Climate-emissions-warming

By Kelly MACNAMARA

Paris, Jan 19, 2024 (AFP) - Increased carbon dioxide in the atmosphere this

year will exceed key trajectories for limiting warming to 1.5C, Britain's Met

Office predicted Friday, with researchers reaffirming that that only "drastic"

emissions cuts can keep the target in sight.

Rising emissions from fossil fuels and deforestation are set to be

compounded in 2024 by the cyclical El Nino weather phenomenon, which reduces

the ability of tropical forests to absorb carbon.

The Met forecast this will drive a "relatively large" rise in annual

average CO2 concentrations measured this year at the Mauna Loa Observatory in

Hawaii - around 2.84 parts per million (ppm) higher than in 2023.

Researchers said that will likely take the world outside the main pathways

set out by the UN's Intergovernmental Panel on Climate Change (IPCC) to limit

warming to 1.5 degrees Celsius above pre-industrial levels - the more

the ambitious goal of the 2015 Paris Agreement.

"It's looking vanishingly unlikely that we'll limit warming to 1.5,"

Richard Betts, the Met Office author of the CO2 forecast, told AFP.

"Technically speaking, we could still do it if emissions were to be reduced

drastically starting immediately, but the scenarios that the IPCC uses show

the buildup of CO2 in the atmosphere slowing already to meet that

target."

Scientists warn that the world is edging closer to experiencing individual

years of warming of 1.5C or more, although that would not by itself amount to

a breach of the Paris target, which is measured over an average of roughly two

decades.

The IPCC has already suggested that if emissions continue as they are, the

world would breach 1.5C in the early 2030s.

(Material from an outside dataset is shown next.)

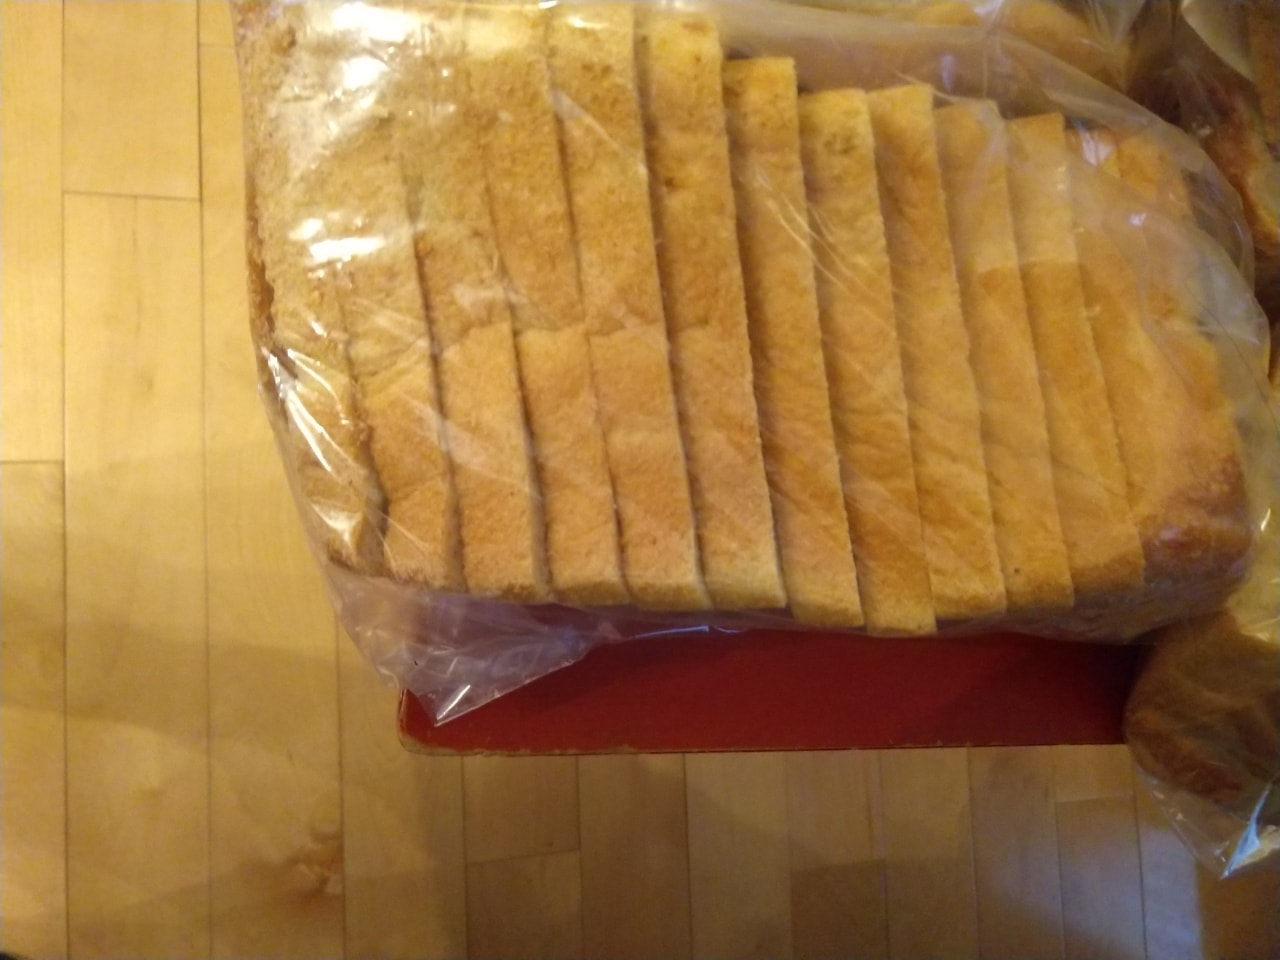 Vegan sourdough loaves and rolls

"We're not seeing any signs of avoiding that in terms of the buildup of CO2

in the atmosphere," Betts said.

- Warming effect -

The UN's World Meteorological Organization last week confirmed that 2023 was the

the warmest year on record "by a huge margin", putting the annual average global

temperature at 1.45C above pre-industrial levels (1850-1900).

This year could be even hotter because of the naturally-occurring El Nino

climate pattern, which emerged mid-2023, usually increases global temperatures

for one year after.

El Nino also brings hotter and drier conditions across tropical forests and

peatlands that reduce their ability to absorb carbon from the atmosphere.

Normally around half of humanity's emissions are taken back out of the

atmosphere by ecosystems and absorption in the ocean.

"That free service is weakened when an El Nino is happening, so that

means more of our emissions are staying in the atmosphere this year," Betts

said.

There was particular concern over regions of the Amazon, which have already

seen severe drought, heat, and fires, he added.

UN experts have calculated that emissions need to be slashed nearly in half

this decade to keep the 1.5C limit in play.

But carbon pollution has continued to increase.

Mauna Loa, which has been monitoring atmospheric CO2 levels since 1958, has

traced a trend line that may fluctuate but has generally continued to climb.

To predict CO2 concentrations this year at Mauna Loa, considered

representative of global averages, the Met Office uses emissions data combined

with observations and forecasts of ocean surface temperatures in the

equatorial east Pacific - an indicator for El Nino.

Betts said that even without the El Nino effect, the estimated buildup of

CO2 in the atmosphere would be at the "very, very upper limit of consistency"

with the IPCC 1.5C scenarios.

He stressed that while these are not the only ways to keep the 1.5C limit

in reach, all possible paths would involve "urgent emissions cuts".